2. Jakość wykonania, design i wygoda użytkowania poszczególnych elementów

Obudowa:
Obie klawiatury posiadają taką samą obudowę. Różnią się tylko typem - jedna jest z blokiem numerycznym (fullsize), a druga bez (tenkeyless). Wizualnie ma to swoje przełożenie w postaci widocznego metalicznego logo producenta w pełnowymiarowym modelu.

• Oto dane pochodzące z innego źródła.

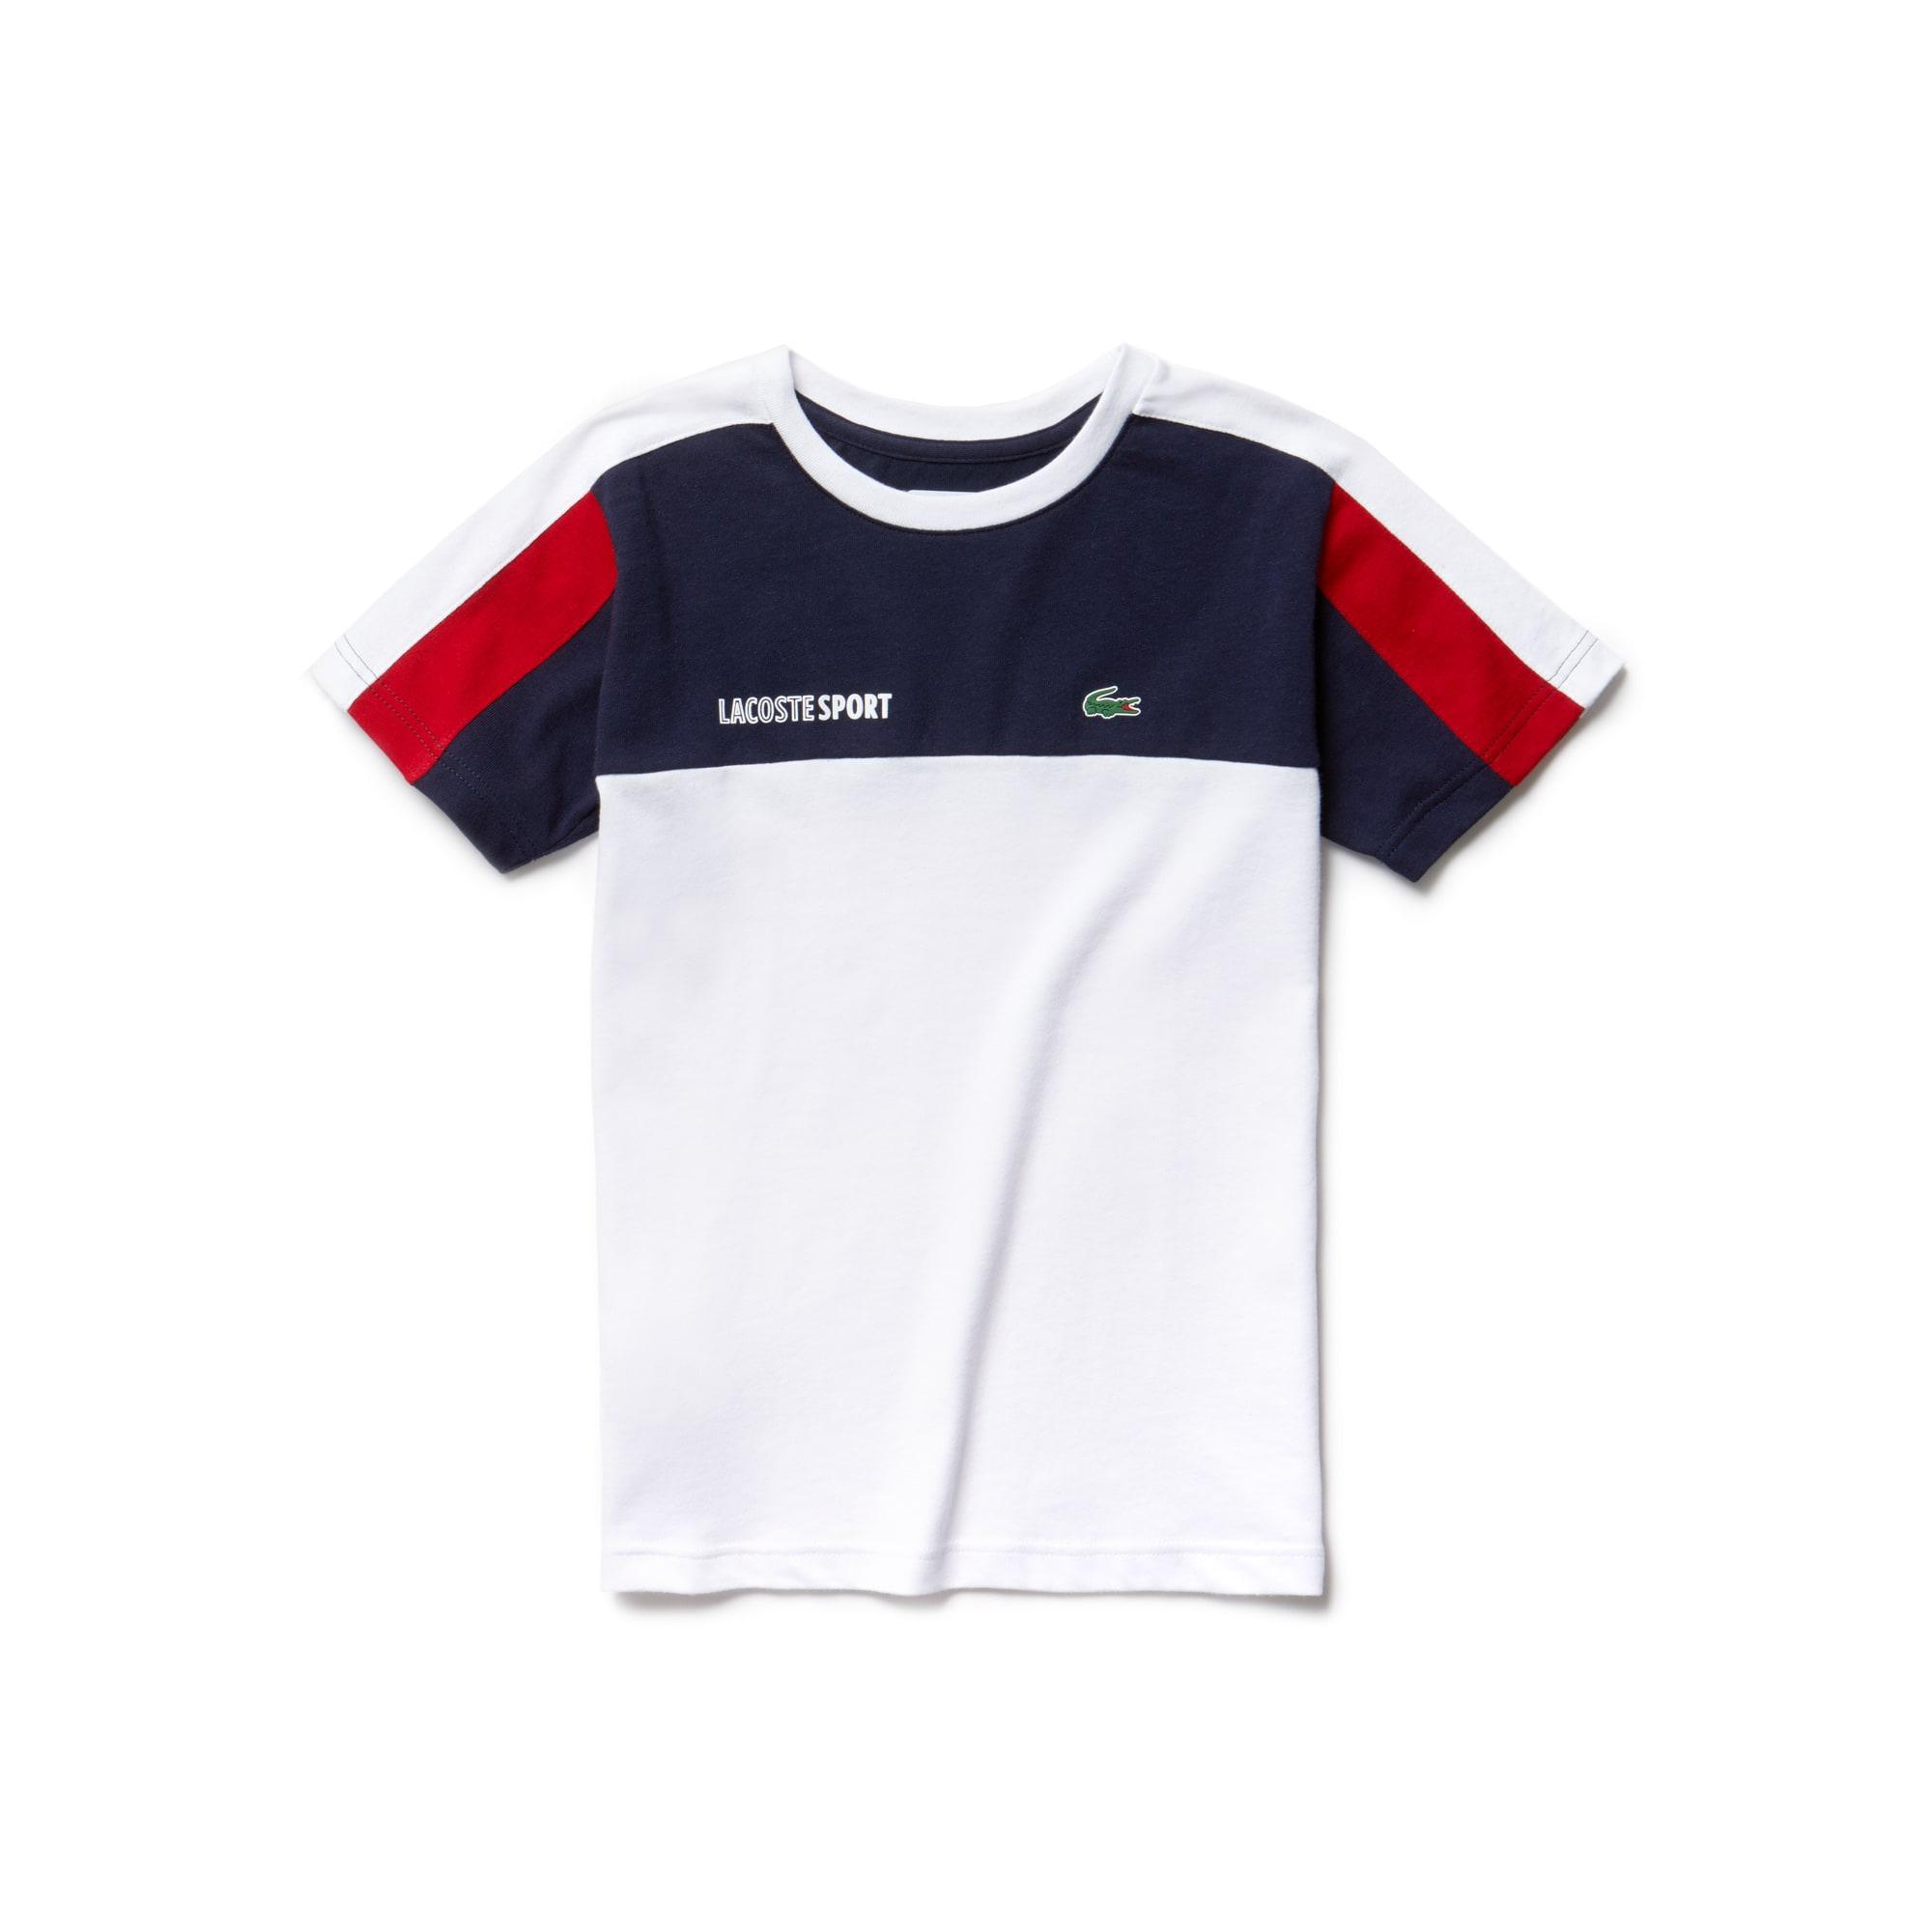 T T Sport Sport ShirtsKids T Sport ShirtsKids Lacoste ShirtsKids Lacoste ShirtsKids Lacoste T wZOXuiPkT

DreamKey charakteryzuje się obudową zamkniętą. Ten typ daje wrażenie większej wytrzymałości i stabilności całej konstrukcji. Jak zobaczycie w następnym punkcie na filmiku, konstrukcja jest faktycznie bardzo wytrzymała. Przełączniki są przymocowane do grubej stalowej płyty. Owa płyta pomalowana jest na biało. Jest to rozwiązanie, które po raz pierwszy użył Coller Master i które poprawia efekty oświetleniowe. Plastiki z których zrobiono górę i spód obudowy są grube i mocne. Część górna jest mocowana na zatrzaskach i przy częstym ściąganiu może istniej ryzyko ich uszkodzenia. Trzeba po prostu uważać podczas próby dostania się do wnętrza klawiatury. Plastik w dotyku jest w pełni matowy i lekko chropowaty. Nie widać na nim odcisków palców.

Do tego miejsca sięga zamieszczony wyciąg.